序章 「恐怖の共和国」から「アラブの春」へーアラブの同時多発民衆蜂起の背景/酒井啓子
≪二、強権体制のしぶとさ≫
 忘れてならないのは、現在「アラブの春」の攻撃対象となっている強権的な政権こそが、半世紀前には欧米の中東支配に異議を唱え、アラブ諸国の「真の独立」を求めて成立した政権だということだ。エジプトにおける自由将校団による軍事政権、シリアやイラクでもバアス党政権が50年代から60年代に成立したのは、外国の支配からの自由とアラブの統一を掲げた青年将校たちが、西欧諸国が間接的に支配する旧体制に反旗を翻したからである。特にエジプトのナセル大統領は、スエズ運河を国有化たことで、アラブ民衆の間で圧倒的な人気を博した。4回の対イスラエル戦争を戦ったエジプト、シリアは、パレスチナの大義を掲げたアラブのヒーローであった。

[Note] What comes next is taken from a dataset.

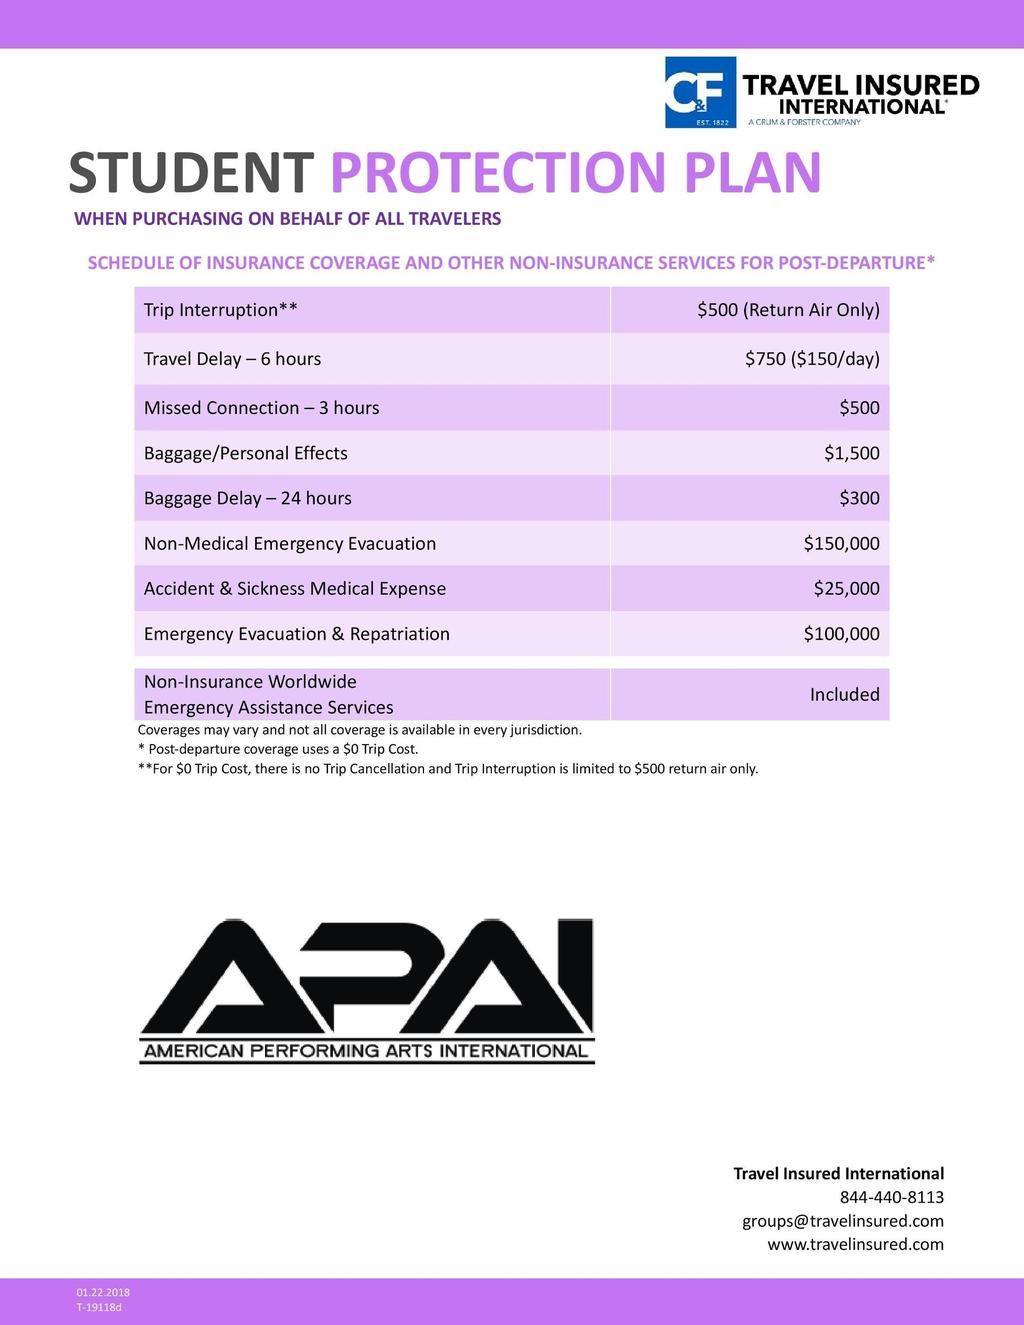 APAI purchases a Student Protection

 アラブの民族主義政権たちは、70年代に入ると、革命の理想も形骸化していく。一部の政権エリートに権力が集中し、国内の政治的自由化は進まない。…パレスチナで80年代の終わりに住民の間でインテファーダが自然発生的に起きたのは、こうしたアラブの大義の形骸化と無関係ではない。